You probably noticed how the characters of his plays hopped
out of Shakespeare’s mind, extending the analogy. The whole point is to become
intelligently and coherently creative, and not to shut off the flow.
We
were all charmed by the “poor man’s menu” of limiting oneself to empirical data
alone. There is so much more going on! Rather than bring it down like
Procrustes to fit our limited conceptualization, we want to expand our
perspective to allow it the freest possible rein. Speaking of movies, it calls
to my mind the opening of Fellini’s 8 ½, where he is a young man floating in
the sky. Suddenly he feels a tug downward, and we discover he is tied like a
kite to a rope, and down on the ground two Catholic priests are reeling him in.
In our terms, though they have a fixed scheme they are content with to describe
the world, it drags the spirit down into the dust. Like Fellini we want to cast
off the rope and fly free, soaring into the empyrean. If we thought we knew where
we were going, we wouldn’t be able to get there.
Though
Nitya guided us to fantastic heights of insight, he knew that we shouldn’t
obsess over him as the source but simply keep diving as deep as we can. It
would have mitigated our experience if we were thinking “Nitya is showing me
this,” or some such. So he would say things like:
What a magnificent meditation we
get in this mantra! The expansion of the Self has happened without any effort.

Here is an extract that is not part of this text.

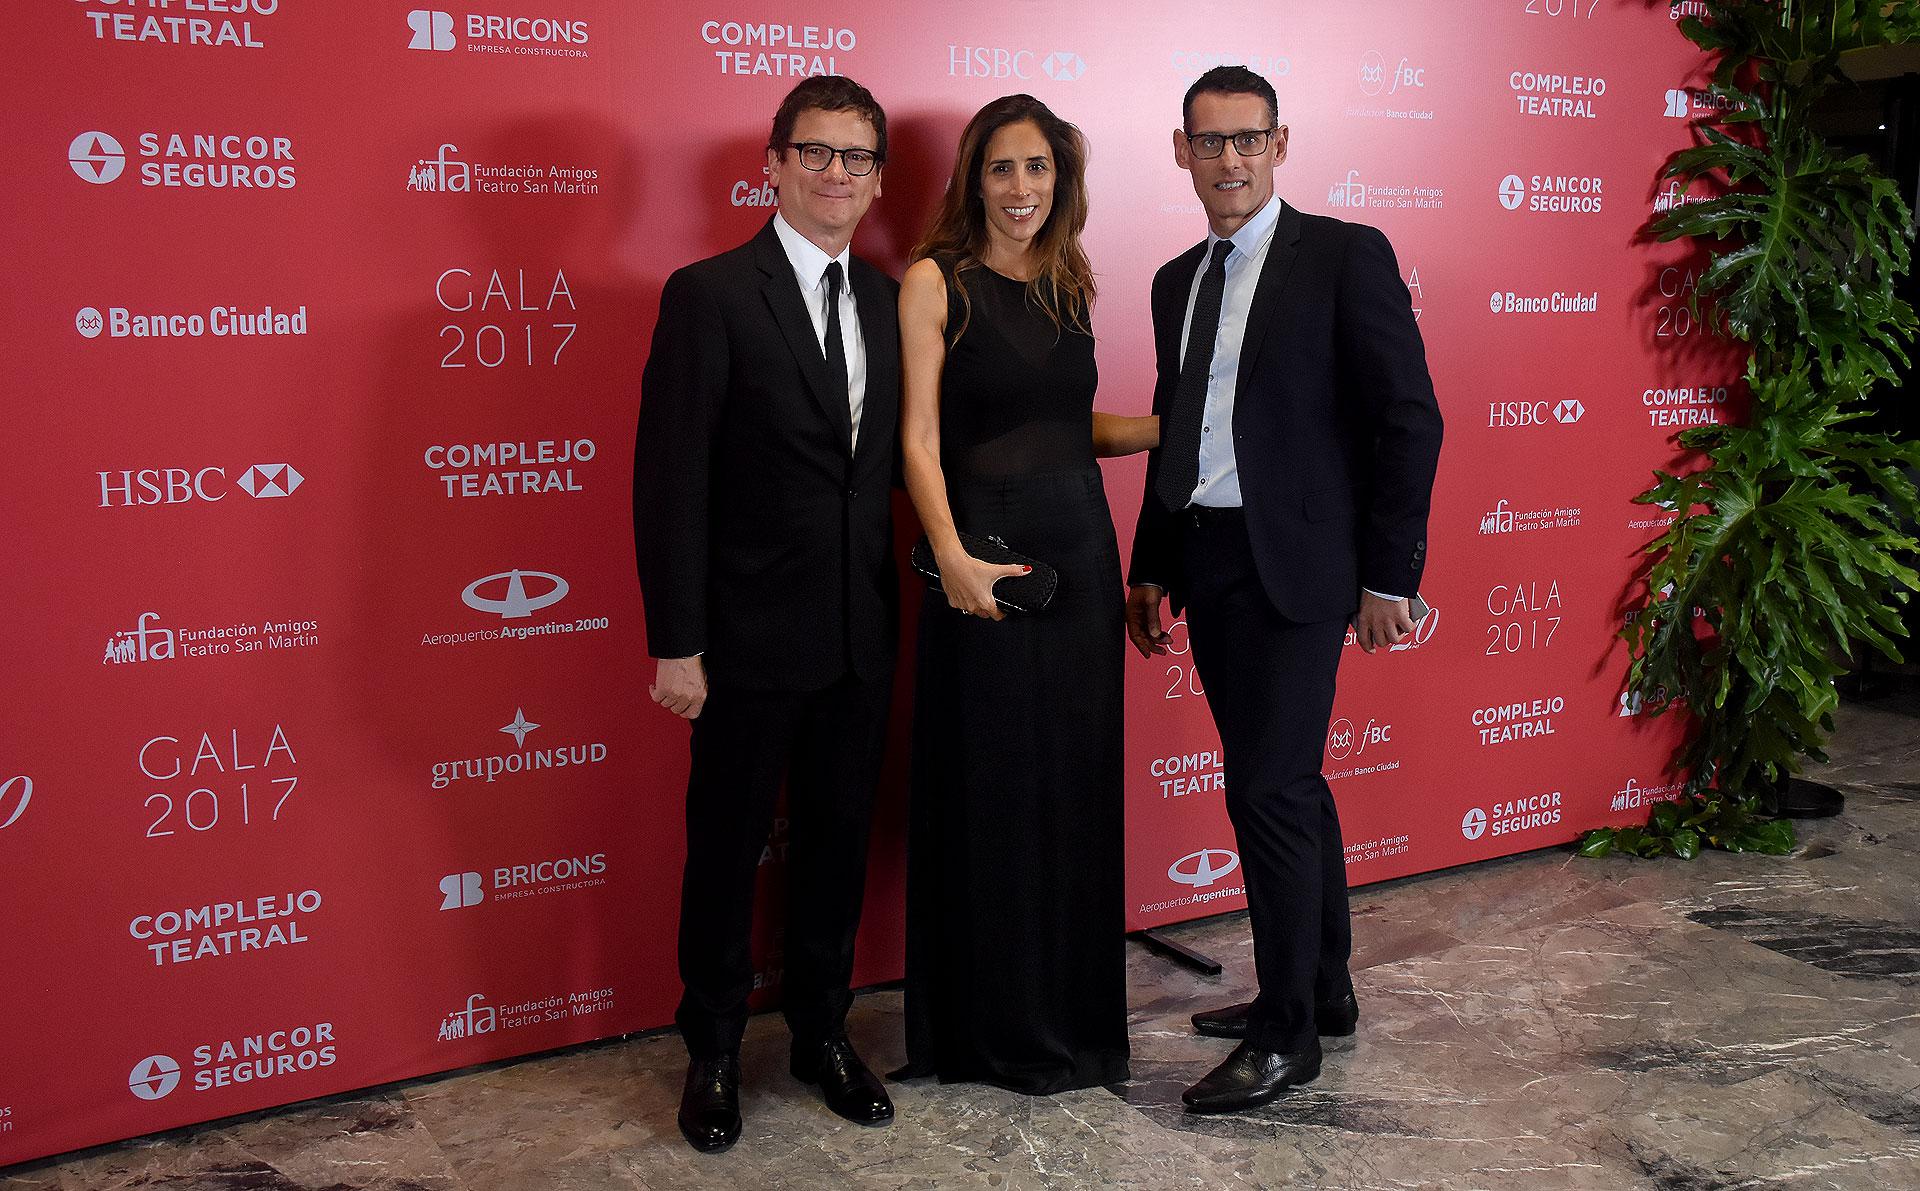 Gabriel Martino, presidente de HSBC Argentina, su mujer Florencia Perotti y Fabián Bottegal

The union of the world and the Self was effected without even giving a thought
to it.
Putting it that way kept everyone’s attention where it
belonged, and saved him from at least some of the worship many were poised to
slather him with.
Our
closing mediation and chant of aum was dedicated to a dear friend who is
seriously ill. Hopefully our focused thoughts and love made a difference for
our friend, but it definitely made a difference right where we sat. Aum.
Part II
Thanks
to Michael’s sleuthing, here’s a brief (4 minutes) explanation by Joseph
Campbell of Aum on Youtube: https://www.youtube.com/watch?v=9XOHJ7x5tsA&feature=youtu.be
* *
*
I
read out the following surprising excerpt of the book Proof of Heaven, since it talks about aum. While the author
personifies the Source of the universe(s) as God, it’s easy to translate the
terms to the Gurukula’s more philosophical attitude. The Gita’s Chapter XII
deals with the personified versus philosophical interpretations of the All, first
commending the personal as easier—which it certainly is—and then concluding
that both achieve the same realization when expanded to their full
implications.
NDEs
(near death experiences) include a remarkably similar set of experiences, and
Alexander’s contains some very familiar imagery to me from my own of five years
ago. The extensive literature on NDEs repeats consistent, extremely uplifting
results from whatever state is accessed by leaving the body. As with everything
outside of “normal” experience, many people are skeptical of these accounts,
revealing an unscientific closed-mindedness. The image that came to me the
other day is of a roomful of people with a door in the far wall that many are
going through. There is no indication of what’s beyond the door, but
occasionally someone comes back out. A majority of them tell of a wonderful
place they found themselves in, where they realized their unity with all of
existence and reconnected with their deceased relatives and friends. They feel
a profound sense of relief at knowing there is so much more than they imagined
at play in the world. Skeptics are those who are cocksure they are all
hallucinating—in fact, all having quite similar hallucinations—and that there’s
nothing beyond the door. They imagine they know for sure there is nothing out
there. While I respect and encourage skepticism, I also believe we should be
honest about what we actually know and distinguish it from what we believe.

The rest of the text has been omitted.